Thursday, January 29, 2015

The Masquerade

We all wear masks Hi, I'm fine At 20 paces Smile and nod You're doing fine They all think You're genuine We all wear masks So no one's prying Your trompe l'oeil It looks so real It works if they Can't see you crying And here's the deal: This thing ain't lying You can't be real And still survive No one gets out Of here alive Careful, dance The masquerade Bow and curtsy, Take your place Step into The self you've made Never let them See your face. (written 1/28/2015)

Tuesday, February 14, 2012

I thought I knew you; what did I know?

I'm looking through you
Where did you go?
I thought I knew you
What did I know?
You don't look different
But you have changed
I'm looking through you
You're not the same

Your lips are moving
I cannot hear
Your voice is soothing
But the words aren't clear
You don't sound different
I've learned the game
I'm looking through you
You're not the same


Why, tell me why
Did you not treat me right?
Love has a nasty habit
Of disappearing overnight

You're thinking of me
The same old way
You were above me
But not today
The only difference
Is you're down there
I'm looking through you
And you're nowhere


Why, tell me why
Did you not treat me right?
Love has a nasty habit
Of disappearing overnight

I'm looking through you
Where did you go?
I thought I knew you
What did I know?
You don't look different
But you have changed
I'm looking through you
You're not the same


Two years ago, a week after the funeral, I lost my best friend.
I'm trying to write about this. I still can't get myself to do it. To write about the whole scope of our relationship. How long was it? 20 years?
She had already stopped speaking to me over something else, before that. I had hurt her feelings inadvertenantly. She told me this when I finally spoke to her the week after the funeral when she basically told me she didn't want to be friends anymore. She could not handle my problems on top of hers, she said.

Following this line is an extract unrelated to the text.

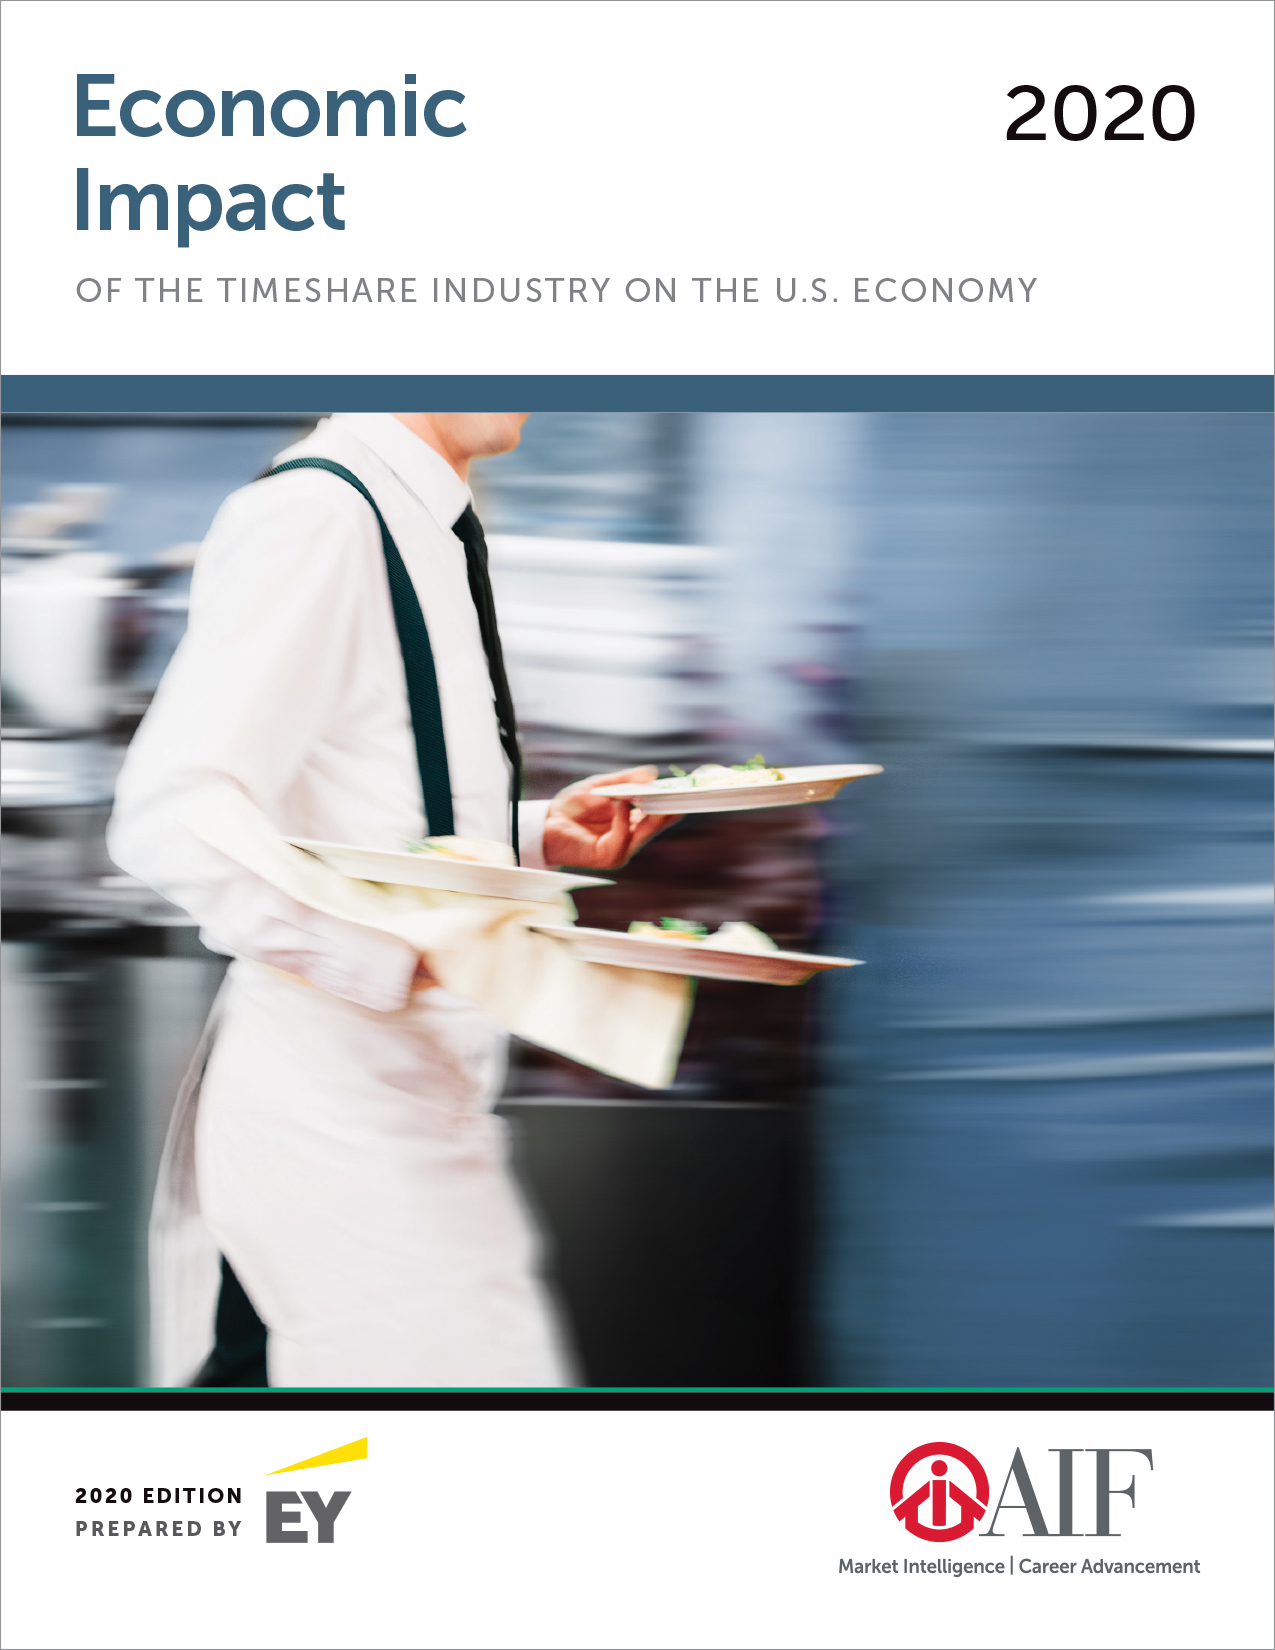 Economic Impact of the Timeshare Industry on the U.S. Economy, 2020 Ed. Full Report

And I had just buried Nelson. Grief on grief? Yes. The two were so intertwined, then.

I only write about it now because it has been two years since I have last spoken to her and I have finally reached the point where I can say there is nothing left of that friendship to salvage. At one point I still had hopes, somewhere deep down. But I have to admit, now, if I saw her, what would I say to her? After two years? The two worst of my life? The anger has given way to a dull numbness. I would say hello, how are you, how are things. But we would not be friends again. Some broken things cannot be healed again. Not even the warm nostalgia of twenty years can mend this kind of silence.

There's so much I'm leaving out of this account still. This is as much as I can bear to write, now.

It's as much as I can do to admit that it's gone and won't come back. That she's gone and won't be my friend anymore. It hurts bitterly. Even after two years. Two and a half.

Thursday, June 30, 2011

CPE, CPE, CPE, is there anything else? Oh yeah, CPE...

So it looks like I missed the big Camp Widow contest......Win a scholarship to Camp Widow, yada yada yada...Yes, I missed it. I have been running myself ragged and am plumb wore out. Let's say, in theory, I'd won...I'd still have had to scare up airfare out of thin air. And expenses. And hotel fees, assuming a friend didn't let me crash on their sofa for the weekend...only to return to another two weeks of insanely intense CPE. I said uncle. Next year, I hope...

That's assuming I'm not scheduled for an on-call shift that weekend. I can't remember. I'm only keeping track one week ahead. This week, I had Tuesday night. That was Tuesday all day at the hospital, then all night, then into the next day. I was there til 4 pm the next day. That is a long time.

The trouble with CPE is that, what with HIPAA and privacy and everything else, I'm not sure what I'm allowed to share. Suffice it to say that three people died on my on-call shift last Sunday night, and I spent time with a dying man and his family last week. I'm spending time in the borderlands...No, it's not all people dying, but last week definitely marked a mental boundary shift in my mind. Just like with Nelson's death, there's the Time Before and the Time After.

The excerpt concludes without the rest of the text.